Up to the hour of his wife's death Simeon Pratt had been but the business-man, large of appetite, pitiless, self-sufficient, and self-absorbed--the type of man often described by amiable critics as "a hard citizen, but good to his family, you know," as if the fact of his not beating his wife were adequate excuse for railway wrecking.
He might be seen taking the 7.49 train at Eighty-sixth Street each week-day morning with a bundle of newspapers under his arm, a man of depending jowls and protuberant belly, who never offered any one a seat and did not expect such courtesy from others. He was burly and selfish as a hog, and was often so designated by work-weary women, whom he forced to stand while he read his market reports in callous absorption.
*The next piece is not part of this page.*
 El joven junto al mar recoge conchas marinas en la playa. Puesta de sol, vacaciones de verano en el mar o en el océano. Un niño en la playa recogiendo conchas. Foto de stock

His associates greeted him with a nod, unsmiling and curt, and the elevator-boys at the Pratt building were careful not to elbow him. He had the greed of a wolf and the temper of an aging bear, and yet his business ability admittedly commanded respect. Everything he did had a certain sweep. He was not penurious or mean in his wars. On the contrary, he despised the small revenges; but in a strife with his equals he was inexorable--he pushed his adversaries to the last ditch, and into it, remorseless as a mountain land-slide.
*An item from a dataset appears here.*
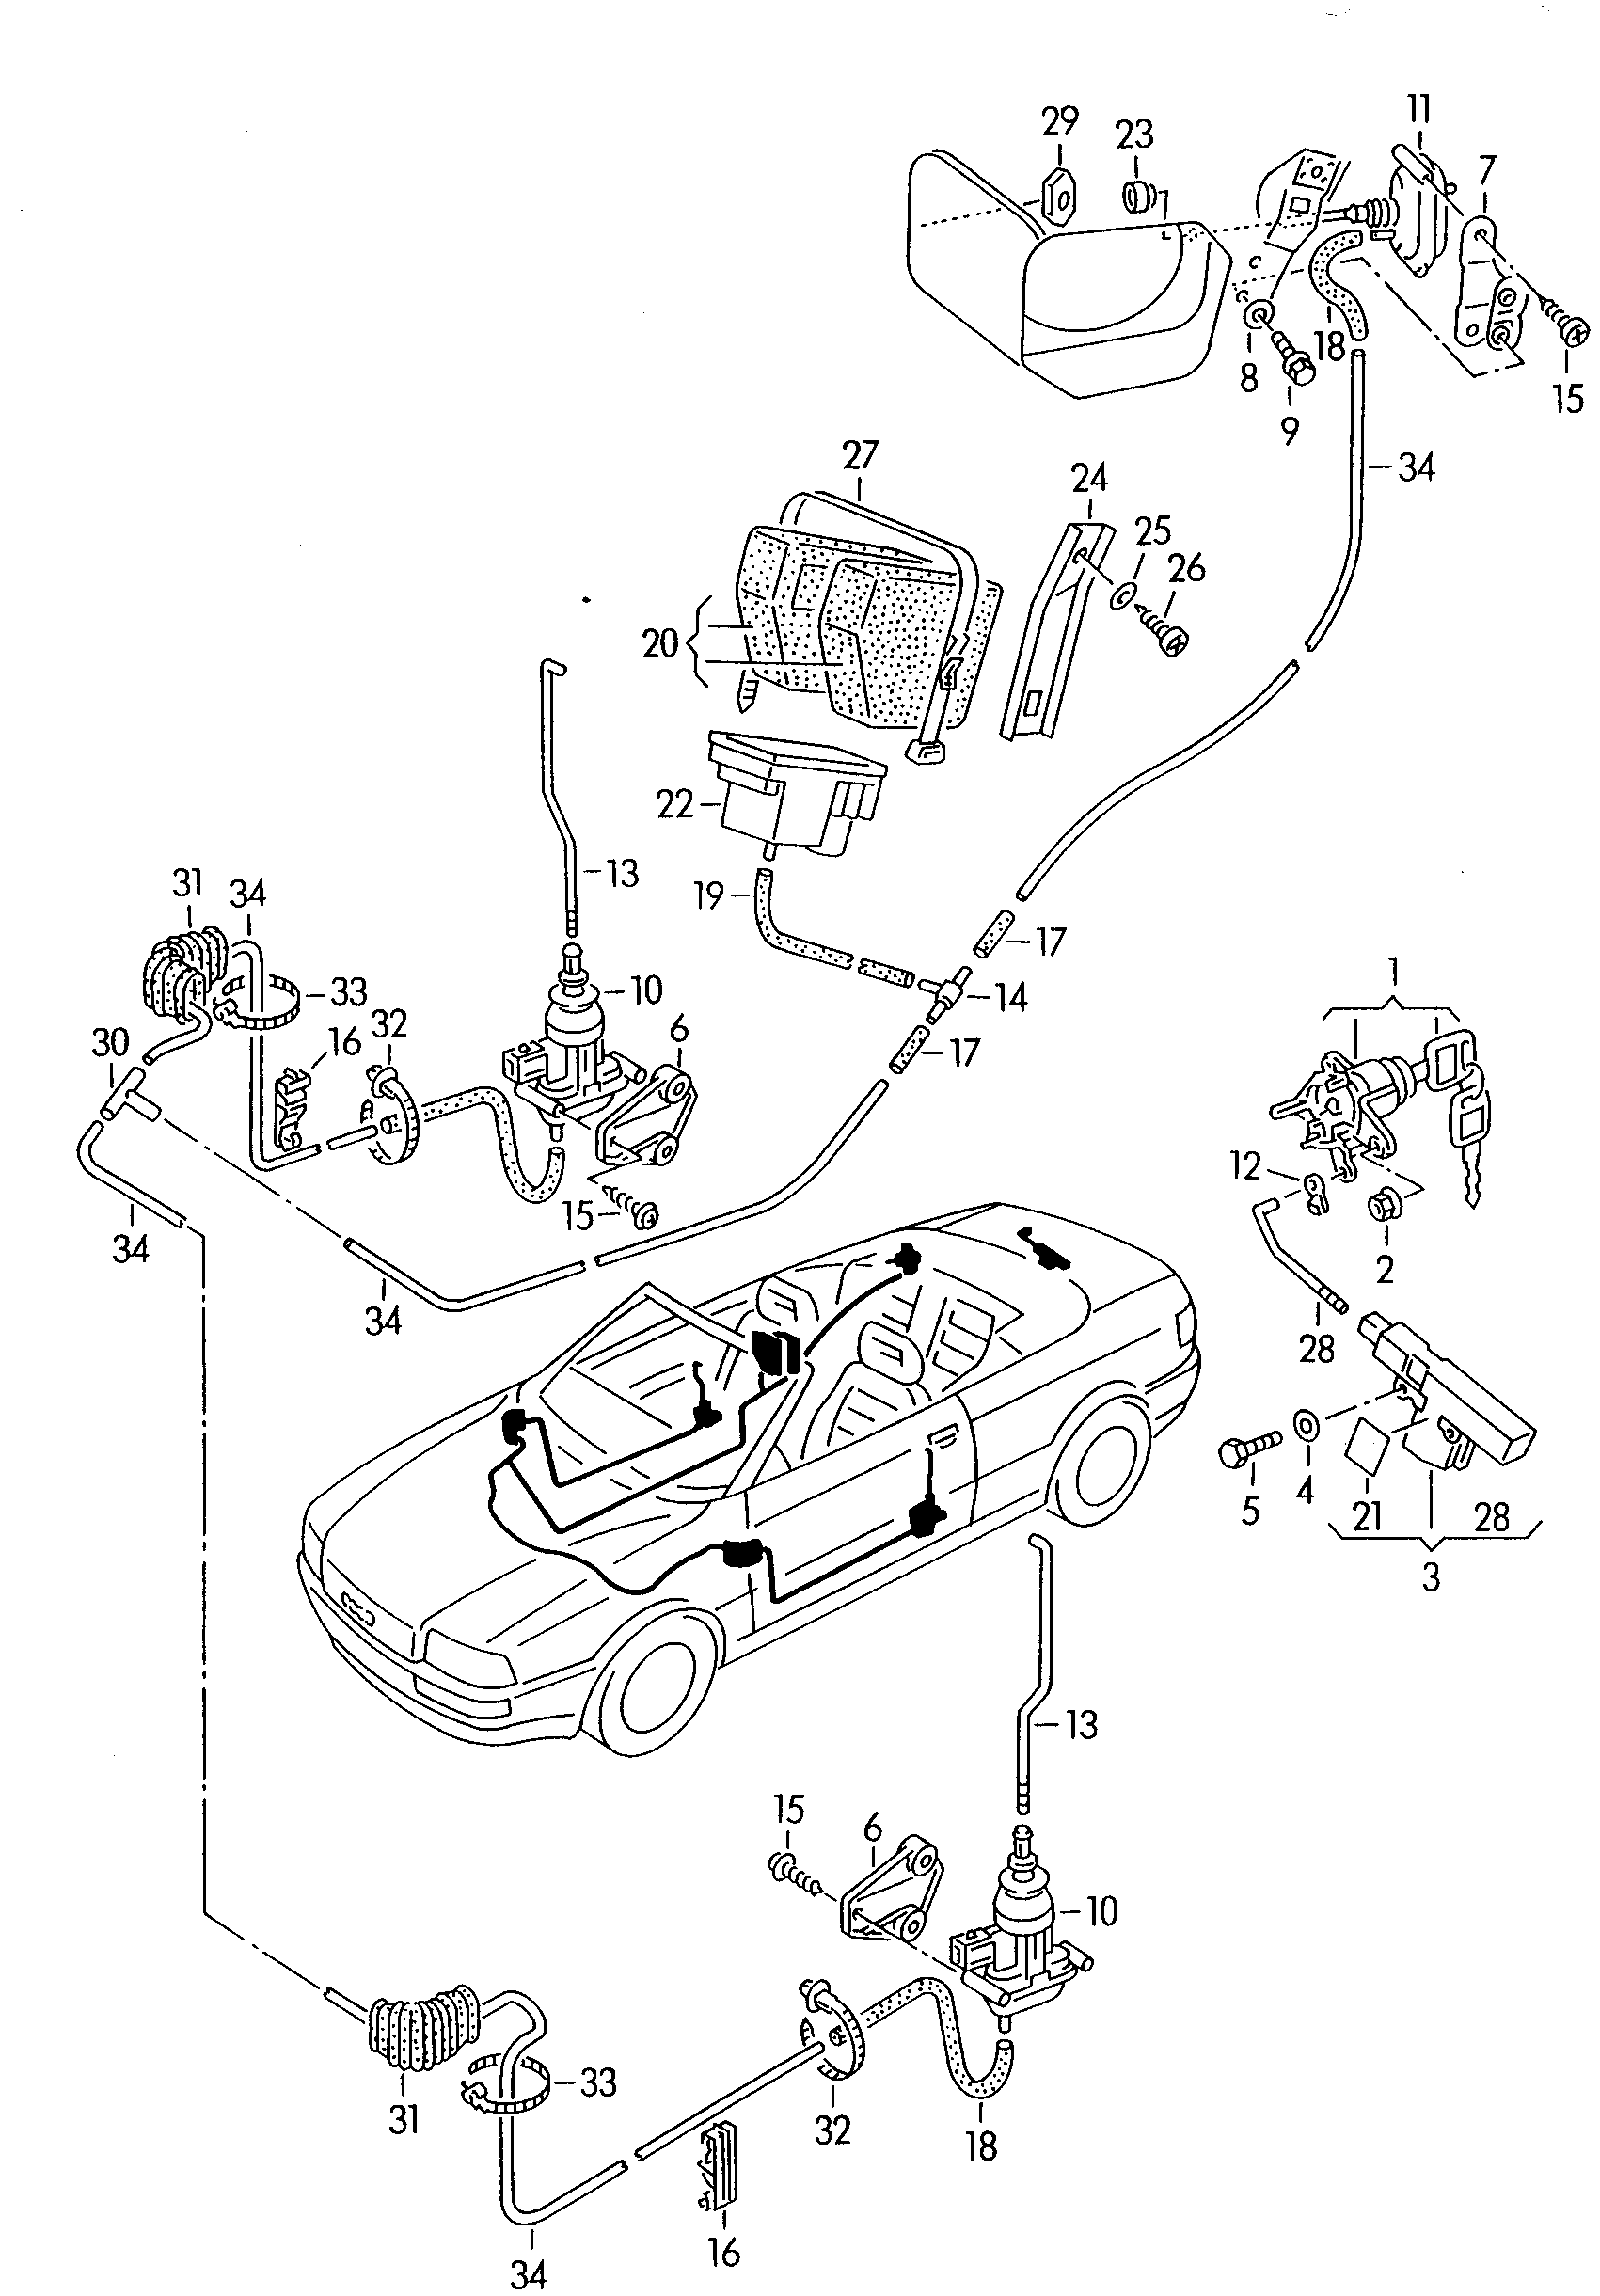 cierre centralizado - Audi Cabriolet(ACA)

All the tenderness in his nature, all his faith in goodness and virtue, he reserved for his home. To his wife (a woman of simple tastes and native refinement) and to his children, bright and buxom girls of twenty-odd, he was a fond and gruffly indulgent provider, making little protest over new gowns and parties. He had no sons, and this was a hidden sorrow to him, and had the effect of centring all his paternal pride and care in his daughters. He could deny them nothing when they wheedled him, and they were nearly always humorously and brazenly trying to "work him," as he called it. Only in one particular had he been granite. With means to build on the east side of the Park, he had deliberately chosen the Riverside Drive in order to show his contempt for the social climbers of upper Fifth Avenue, and neither smiles nor tears had availed to change his plan.
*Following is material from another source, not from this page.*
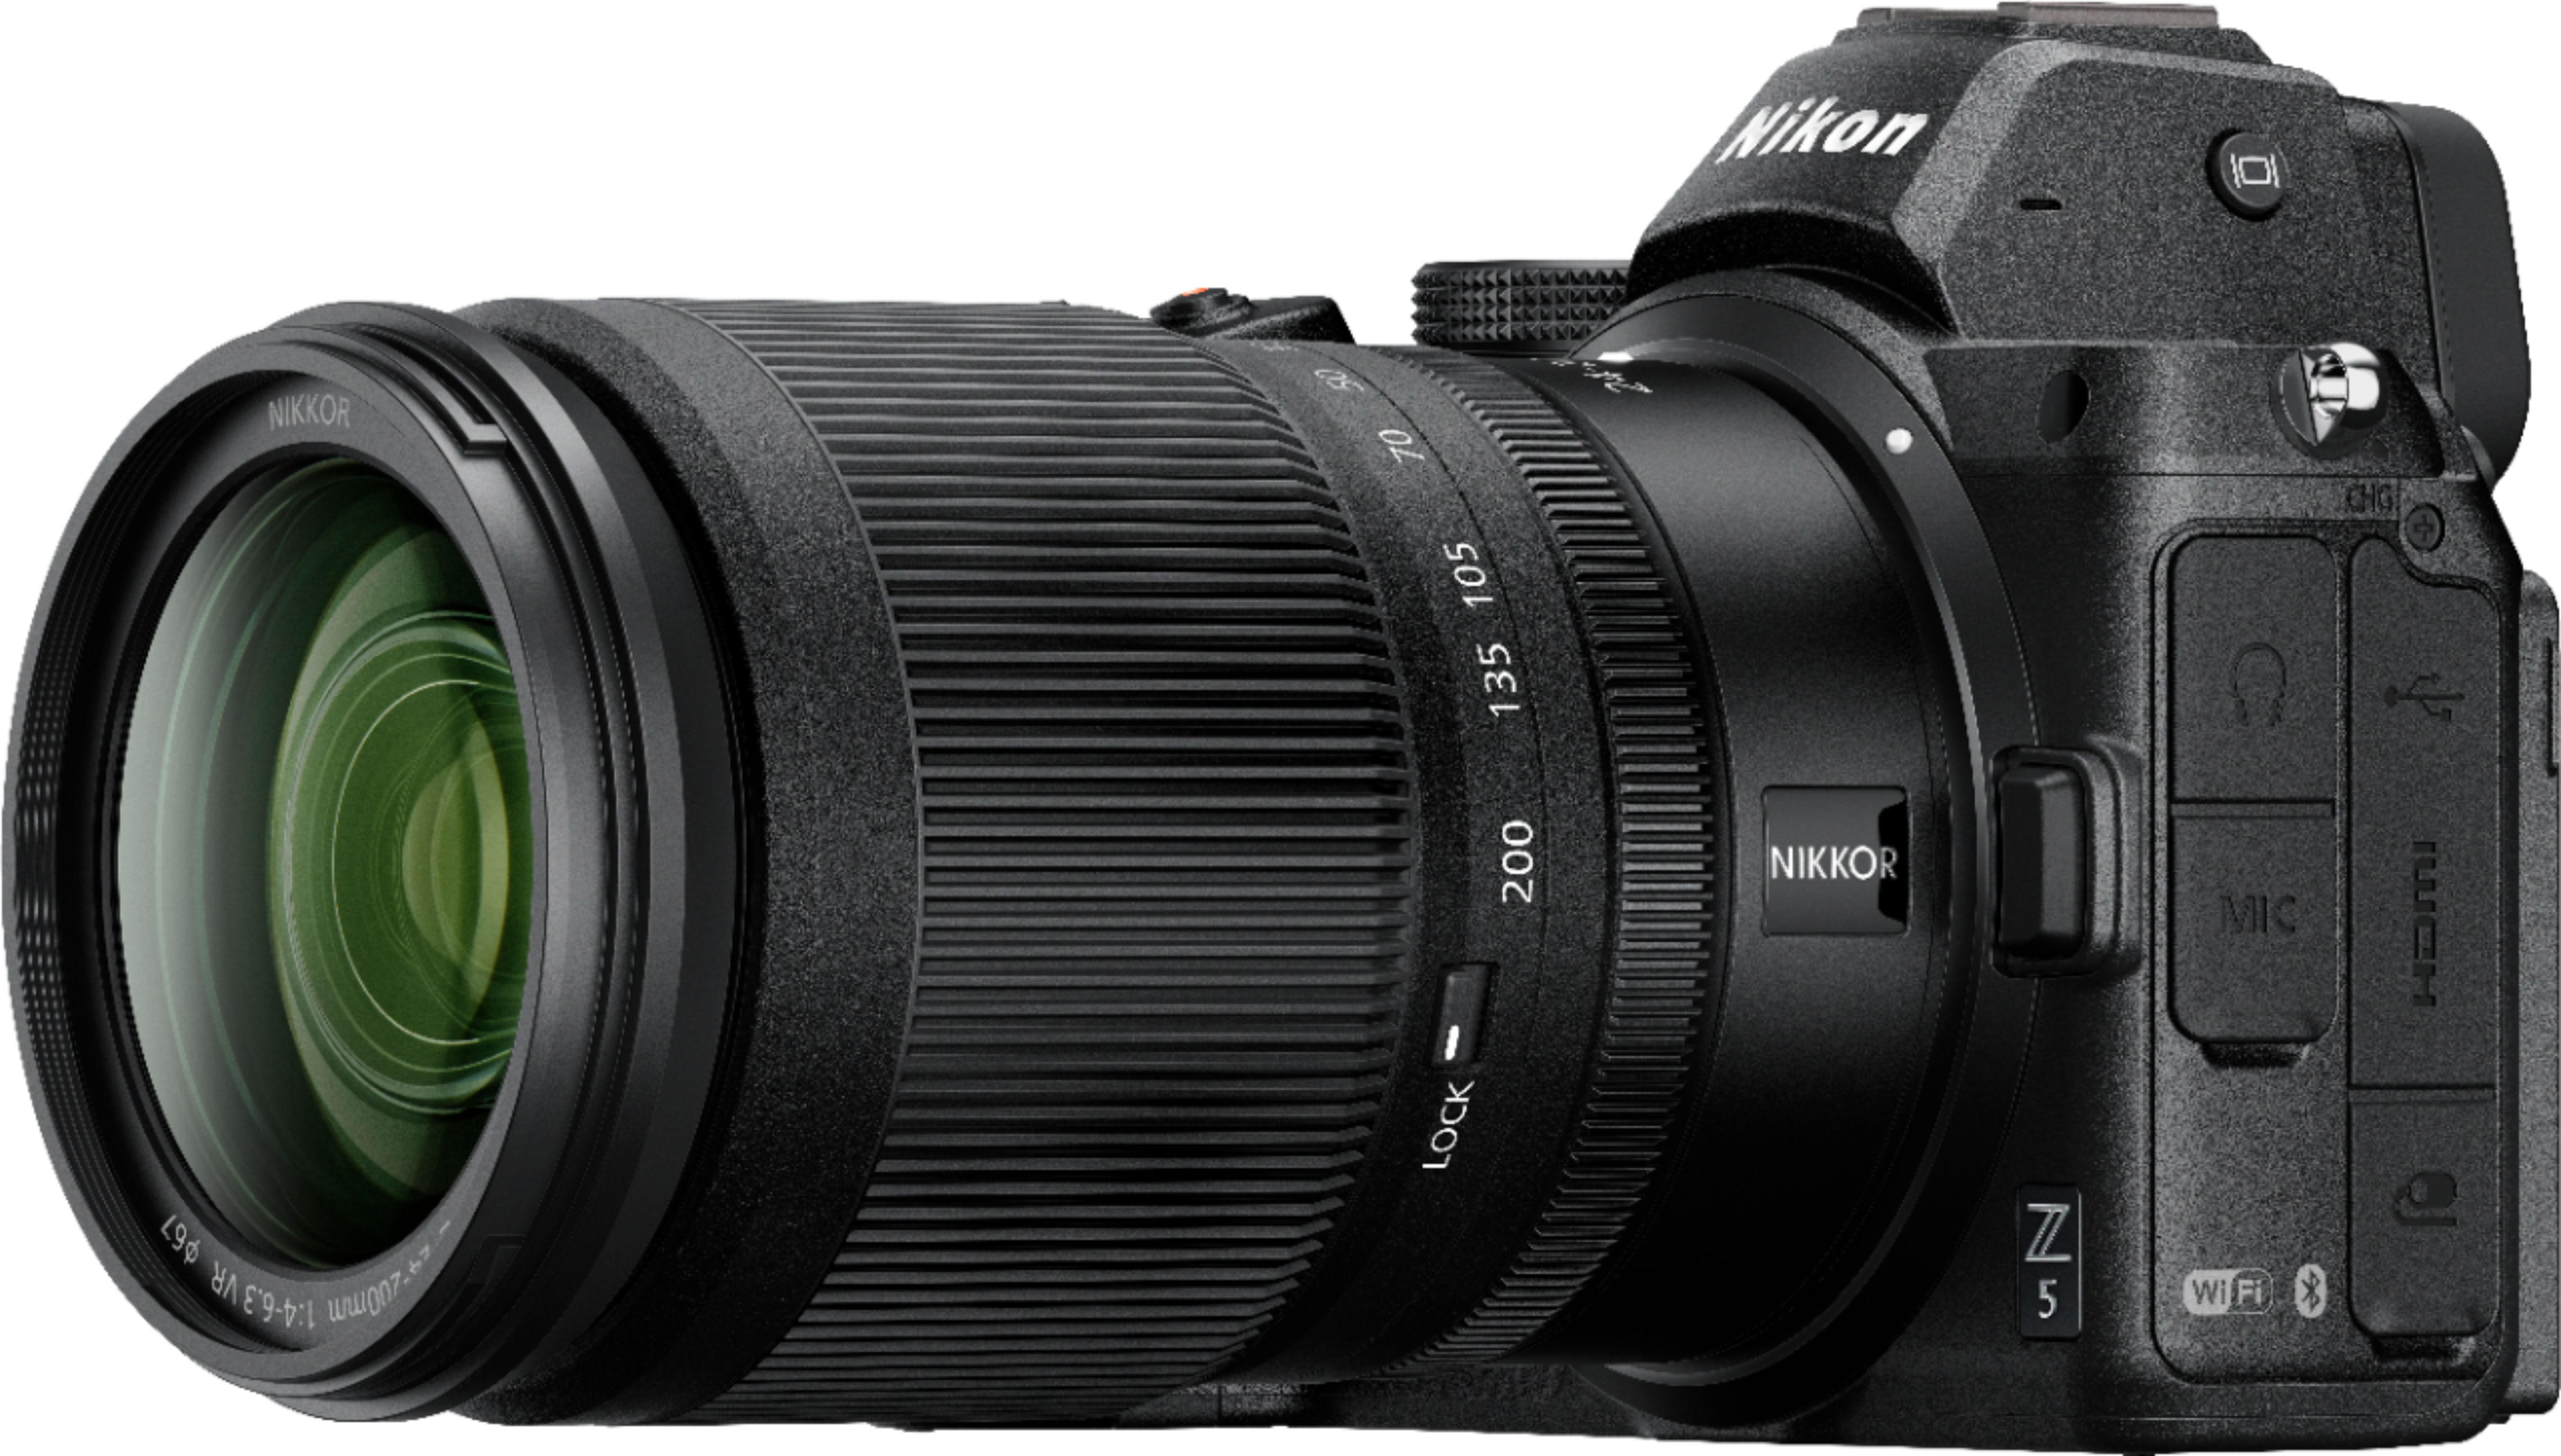 Nikon Z 5 w/ NIKKOR Z 24-200mm f/4-6.3 VR Black 1641 - Best Buy

His house was a dignified structure exteriorly, but within was dominated by his taste rather than by that of his daughters, who were quite unable to change his habits after they were once set. He refused to consider their suggestions as to furniture. The interior was, as Britt had said, not unlike a very ornately formal French hotel, and this resemblance arose from the fact that he had once enjoyed a pleasant stay in a house of this sort; and when the decorator submitted a number of "schemes," he chose the one which made the pleasantest impression on his mind.